2021-07-08

CS224W Colab0: Introduction of NetworkX and PyTorch Geometric

在这一节中，我们将介绍两个package: NetworkX和PyTorch Geometric。

本文主要参考资料为CS224W的Colab0。

NetworkX

NetworkX可以定义无向图、有向图，可以定义graph level的特征

# Create an undirected graph G
G = nx.Graph()
print(G.is_directed())
# Create a directed graph H
H = nx.DiGraph()
print(H.is_directed())
# Add graph level attribute
G.graph["Name"] = "Bar"
print(G.graph)`

Output:
False
True
{'Name': 'Bar'}

定义节点并添加特征和label

# Add one node with node level attributes
G.add_node(0, feature=0, label=0)
# Get attributes of the node 0
node_0_attr = G.nodes[0]
print("Node 0 has the attributes {}".format(node_0_attr))  

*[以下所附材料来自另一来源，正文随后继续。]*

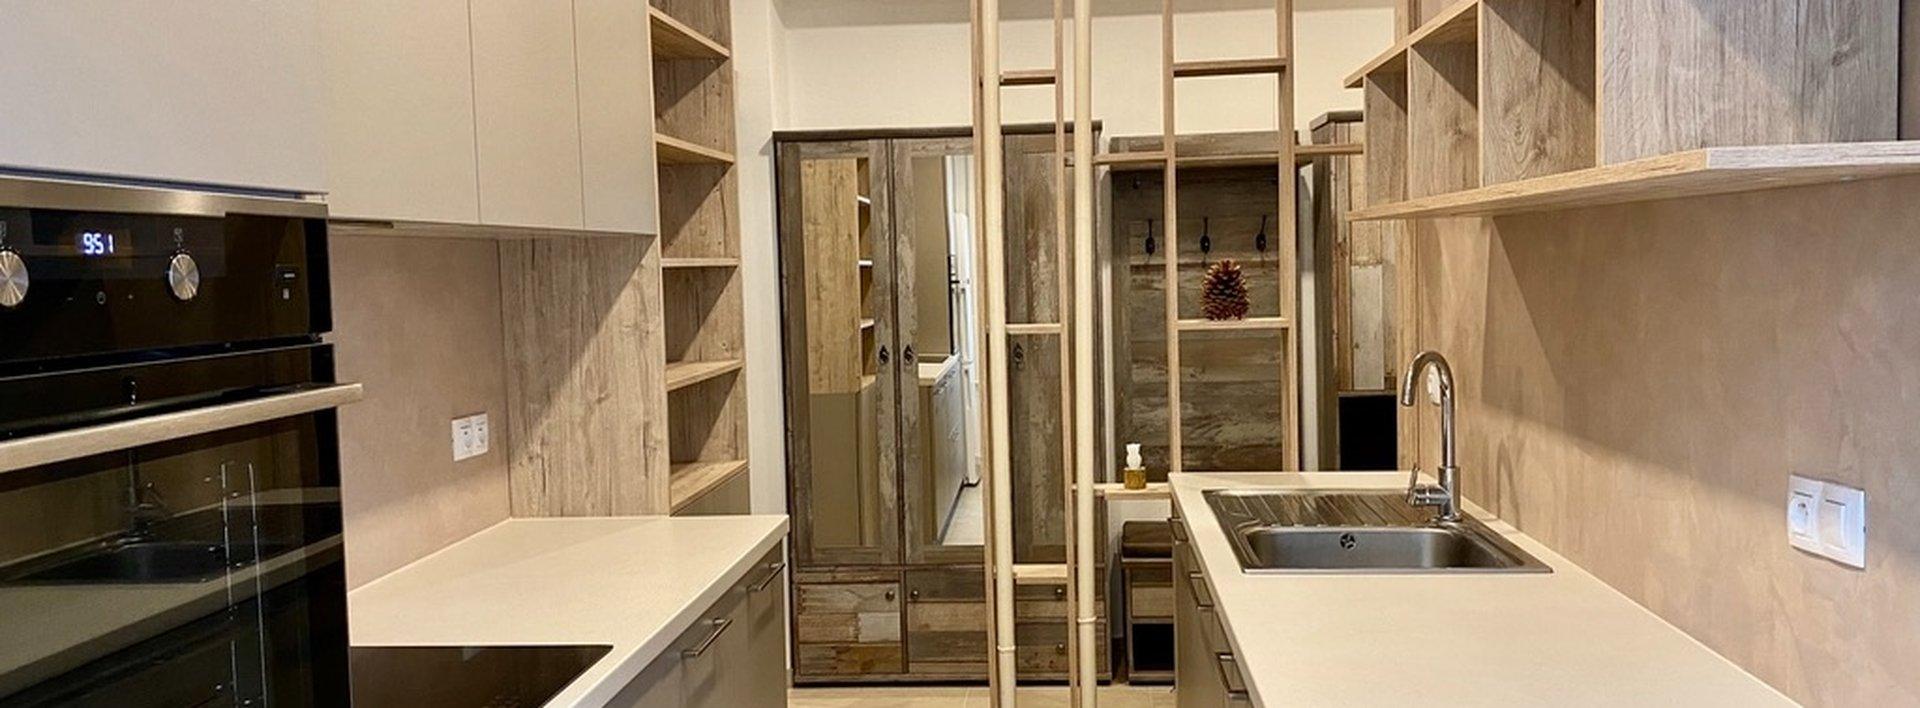 Pronájem bytu 3+1 s balkónem, 64 m² - Liberec - Kristiánov, ulice SNP, Ev.č.: N49285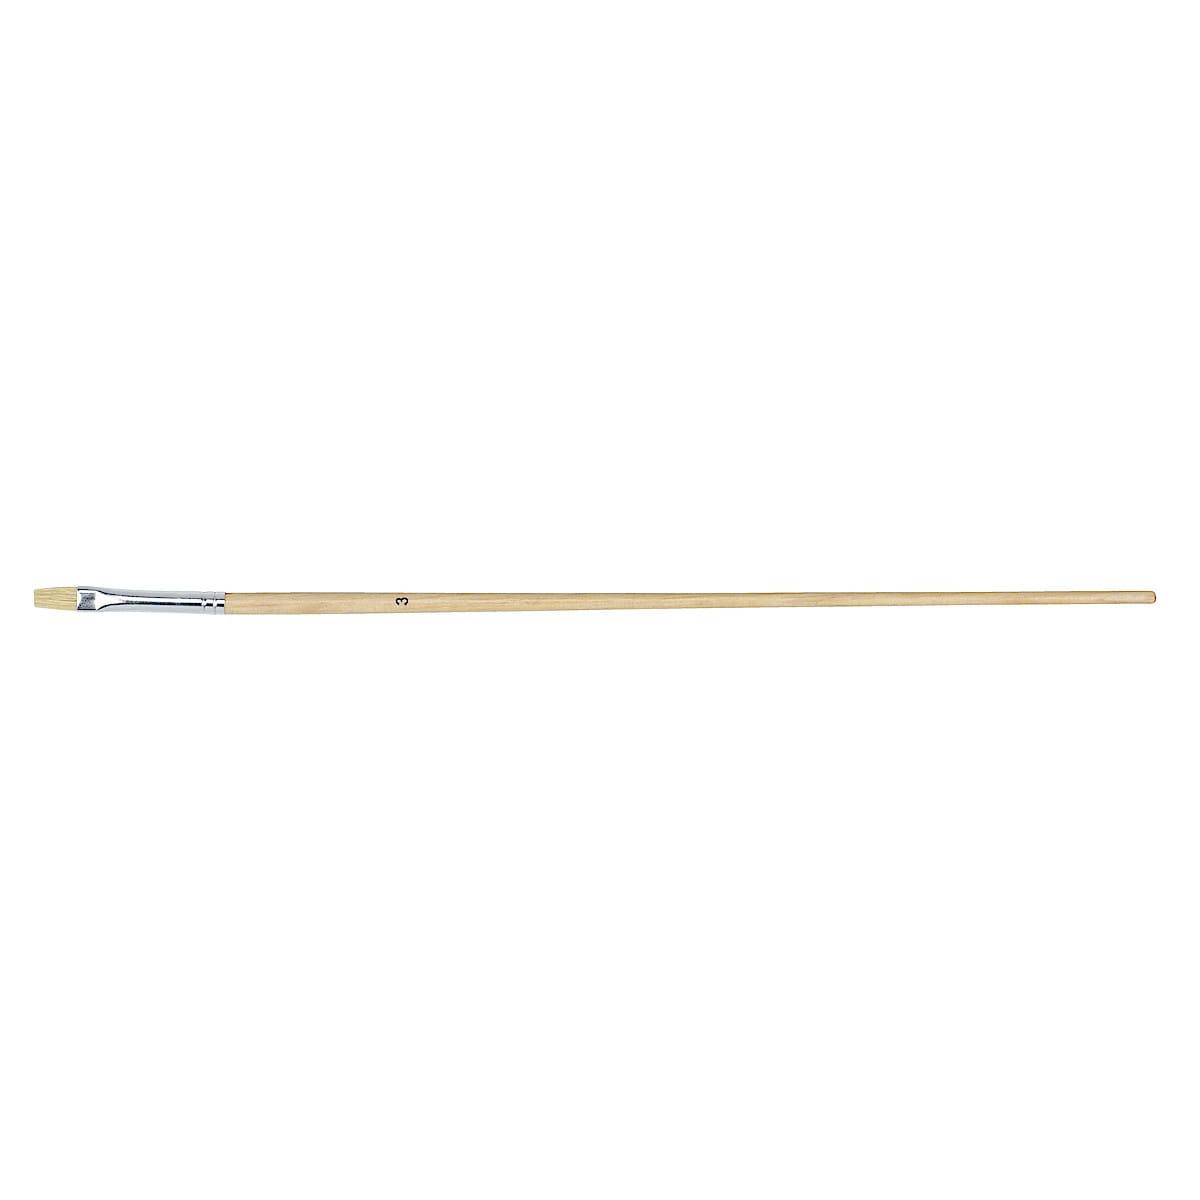 Sang Oil/Acrylic 12 Brush Set

# Add multiple nodes with attributes
G.add_nodes_from([
(1, {"feature": 1, "label": 1}),
(2, {"feature": 2, "label": 2})
])
# Loop through all the nodes
# Set data=True will return node attributes
for node in G.nodes(data=True):
print(node)
# Get number of nodes
num_nodes = G.number_of_nodes()
print("G has {} nodes".format(num_nodes))

Output:
Node 0 has the attributes {'feature': 0, 'label': 0}
(0, {'feature': 0, 'label': 0})
(1, {'feature': 1, 'label': 1})
(2, {'feature': 2, 'label': 2})
G has 3 nodes

定义边并赋予权重

# Add one edge with edge weight 0.5
G.add_edge(0, 1, weight=0.5)
# Get attributes of the edge (0, 1)
edge_0_1_attr = G.edges[(0, 1)]
print("Edge (0, 1) has the attributes {}".format(edge_0_1_attr))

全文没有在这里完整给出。